Large structured output schemasJSON with many optional fields — model fills all fields even when emptyRequest only required fields; use response_format with minimal schema

Model Tier Cost Multipliers (2025)

Frontier (100×)

Claude Opus, GPT-4.5, Gemini Ultra

~$15-75 per 1M output tokens

Flagship (10×)

Claude Sonnet, GPT-4o, Gemini 1.5 Pro

~$3-15 per 1M output tokens

Efficient (1×)

Claude Haiku, GPT-4o-mini, Gemini Flash

~$0.40-1.25 per 1M output tokens

Local (0 marginal)

Llama 3, Mistral, Phi-4 via Ollama/vLLM

Infrastructure cost only; no per-token charge

Exact pricing changes frequently. Always check provider pricing pages before budgeting. The multipliers above are illustrative ratios — the relative cost gap between tiers has been narrowing as efficient models improve.

Hidden Costs

  • Embedding generation — calls to an embedding model for every document and query in a RAG system; often overlooked in budget calculations
  • Vector database storage and query costs — Pinecone, Weaviate Cloud, and similar services charge for storage and read units
  • Observability platform — Langfuse cloud, LangSmith, or custom telemetry infrastructure
  • Fine-tuning compute — GPU hours for training; often underestimated in initial project budgets
  • Human review labour — sampling conversations for quality review; annotation for RLHF or evaluation datasets
  • Guardrails latency tax — additional classifier calls per request add indirect cost through infrastructure

Cost Attribution

By use case

Tag every LLM call with a use_case identifier. Essential for finding which feature is driving cost growth. A single use case consuming > 50% of spend warrants investigation.

By team

Tag with team identifier for chargeback. Makes teams accountable for their AI spend and creates incentives to optimise. Required for enterprise-scale governance.

By user

Track per-user spend to detect abuse and enforce fair-use limits. Useful for B2B SaaS: AI cost is a per-customer variable cost that must be factored into pricing.

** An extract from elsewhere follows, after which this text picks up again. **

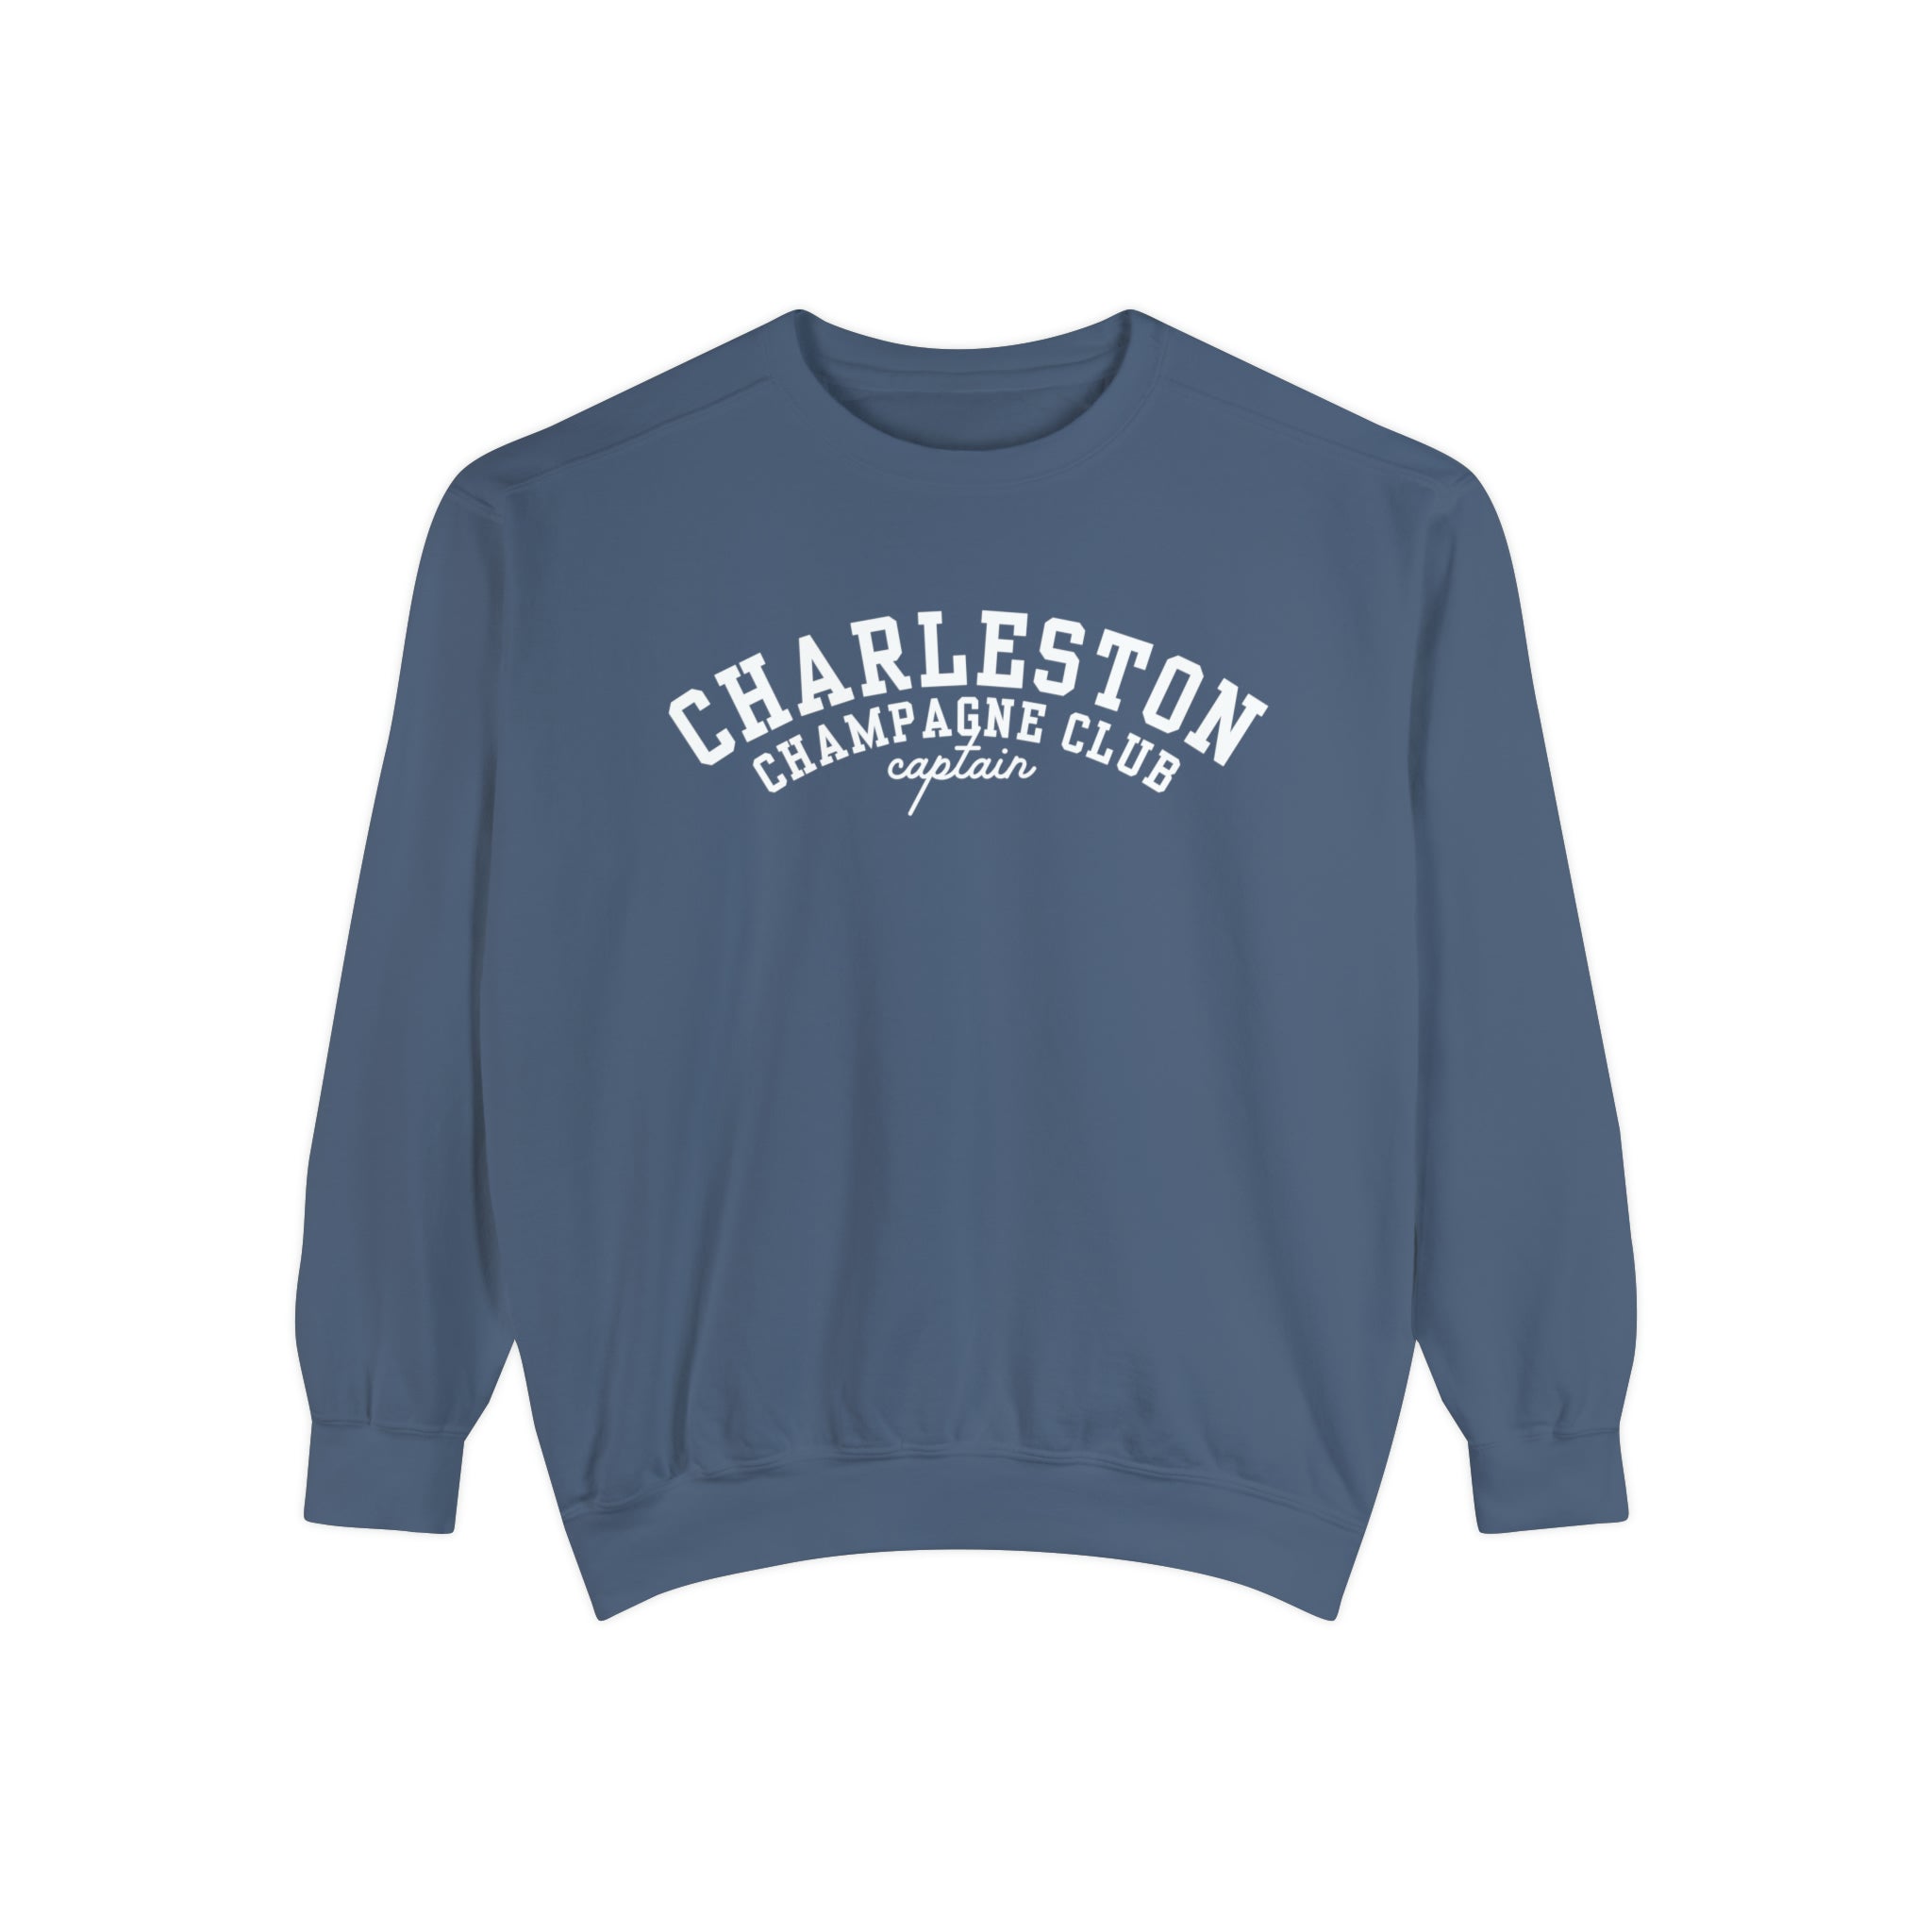 Charleston Champagne Club Comfort Colors Crewneck Sweatshirt

Checklist: Do You Understand This?

  • Calculate the monthly cost of a RAG chatbot with a 3,000-token system prompt, 2,000 average tokens of retrieved context, 500-token user message, and 400-token output, running 50,000 requests per day at Sonnet-tier pricing.
  • Why does not setting a max_tokens limit create a cost risk — not just a latency risk?
  • Name three hidden costs that are frequently omitted from AI project budget estimates.
  • What is the cost multiplier ratio between a frontier model and an efficient model, and what does it imply for routing strategy?
  • Why should every LLM call be tagged with a use_case identifier before it reaches the API?
  • How does prompt caching change the cost equation for a system with a large static system prompt?